HRFQ : For the past couple of years, you have DJ’d the New Year’s countdown in Korea, which isn’t very well known for their club music scene, is there a special reason why?

Carl Cox : The first time I played in Korea I had a really amazing experience, purely based on I’ve never been to Korea before in my life. I never though that my success as Carl Cox had reached as far as Seoul and I didn’t know what to expect when got there, but I found that it was half westerners and half Koreans that were into the music. It’s also the only time I get to play in Korea so it was important for me to have somewhere where I felt it was necessary for me to be at the change of the year based on that Korea is probably the last place I’ve got to play. I’ve played Japan many times, China, Singapore, Kuala Lumpur, Thailand, all these places I’ve played many times but Korea no. so it’s kind of like me giving them a little bit more than I would anywhere else based on the time that I chose to do it, and to feel happy about that. And they really appreciated it. Also my schedule allows me to be on this side of the world before I go to Australia for my 2 month rest. I have a house in Melbourne in which I enjoy the summer, so it’s also on the way home in a sense

HRFQ : Could you give a message to all your Japanese fans?

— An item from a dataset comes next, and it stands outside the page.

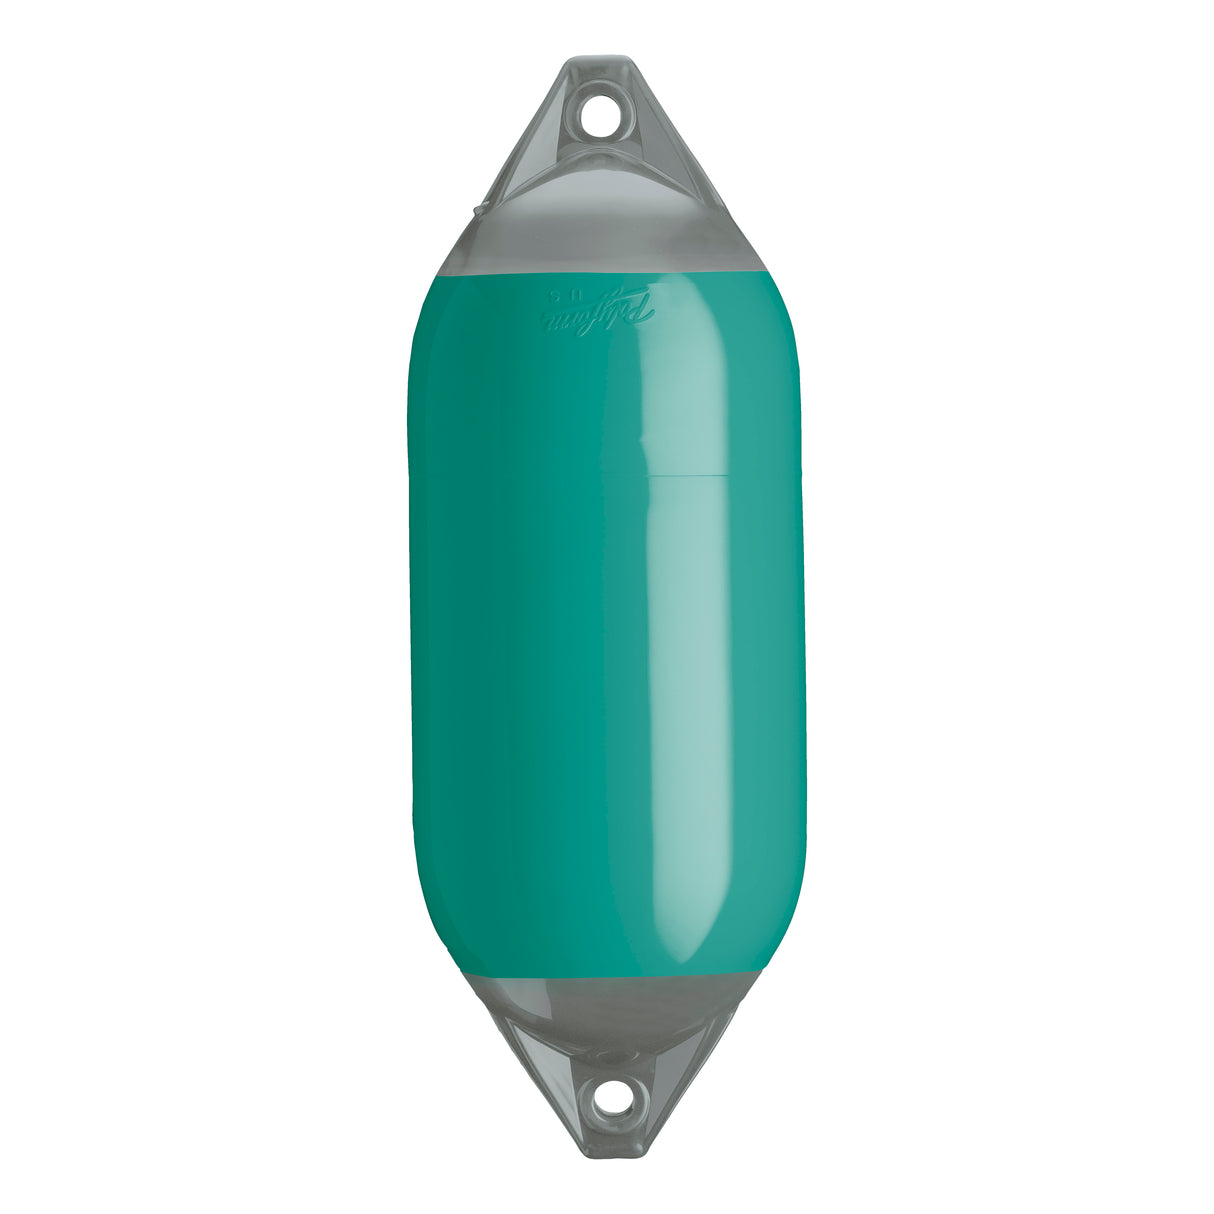 Teal boat fender with Grey-Top, Polyform F-5

Carl Cox : Japan for me has always been a place I’ve really enjoy playing, I felt that the people really know their music and with that I’m able to play some of the best sets here. I always feel that the Japanese crowd really appreciate good DJ’s who play good music so I’m always excited to be here and to play new music for the Japanese crowd and they always push me to play the best here so I enjoy the challenge of playing Japan for sure!!